My primary password aggravation is sites with ridiculous password requirements that force me to deviate from my pattern. “Your password must contain between 6 and 8 characters” or (this was just today at source forge) “Your password can contain only numbers and letters”. How ridiculous and insecure is that?
Well, you forced me to defend myself. 🙂
My solution doesn’t have any single points of failure except maybe someone retrieving my password db from one of my local machines and then cracking it somewhere else, which you know is highly unlikely. More unlikely then someone getting to your “password page”.
I refer to the “password page” from your previous post but I’m still unclear as how that page works. And I’m assuming that is the only way for you to get passwords from a new previously unused computers. Hmmm…hope you reset the browser cache.

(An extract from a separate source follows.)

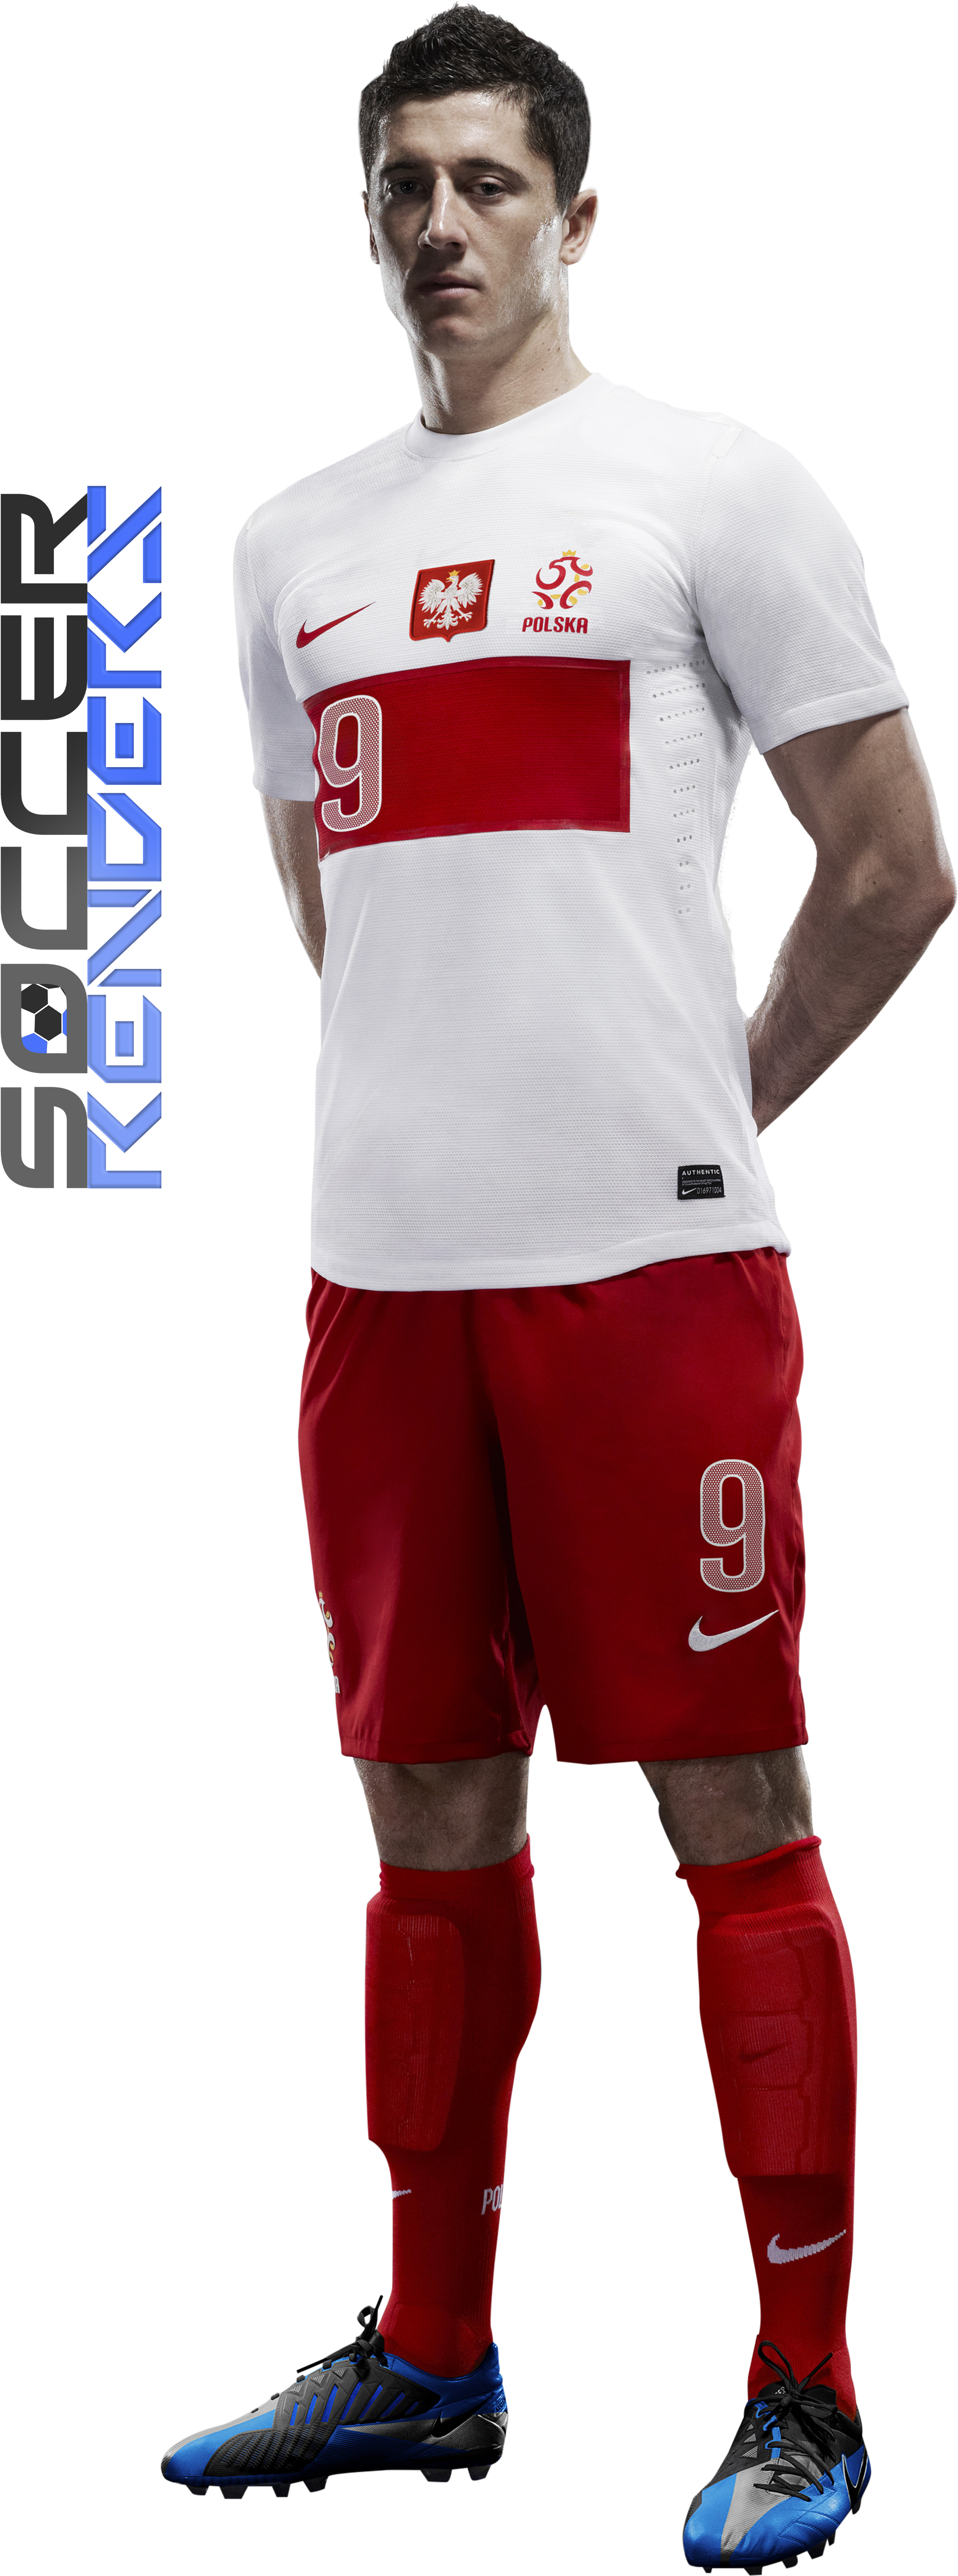 Soccer Playerin Poland Kit PNG

So in defense I don’t have a “single point” of failure. Like everyone should I have all of my computers locked down with a system password and never stays unlocked while I’m away. I believe this is the single point of failure, if you’re worried about someone using an account of yours (locally) then you should be more worried about them getting into your apps, documents or stealing the damn computer and cracking somewhere else.
As for the trust Google thing. I have to; I use Gmail. They already know more about me then my mom or wife.
To detail what I do:
Multi-Tier
Modifiers
System password which is extremely hard to guess and locks down the computer on a 5 min. screensaver
Sync by GBS and a “Master password”
And when I’m away from any of my systems I can easily remember my passwords. Something you can never do with a hash. And I’m more worried of someone getting my master list through keylogging, screenshots or other malicious ways then them using the same method to get into one of my tiers.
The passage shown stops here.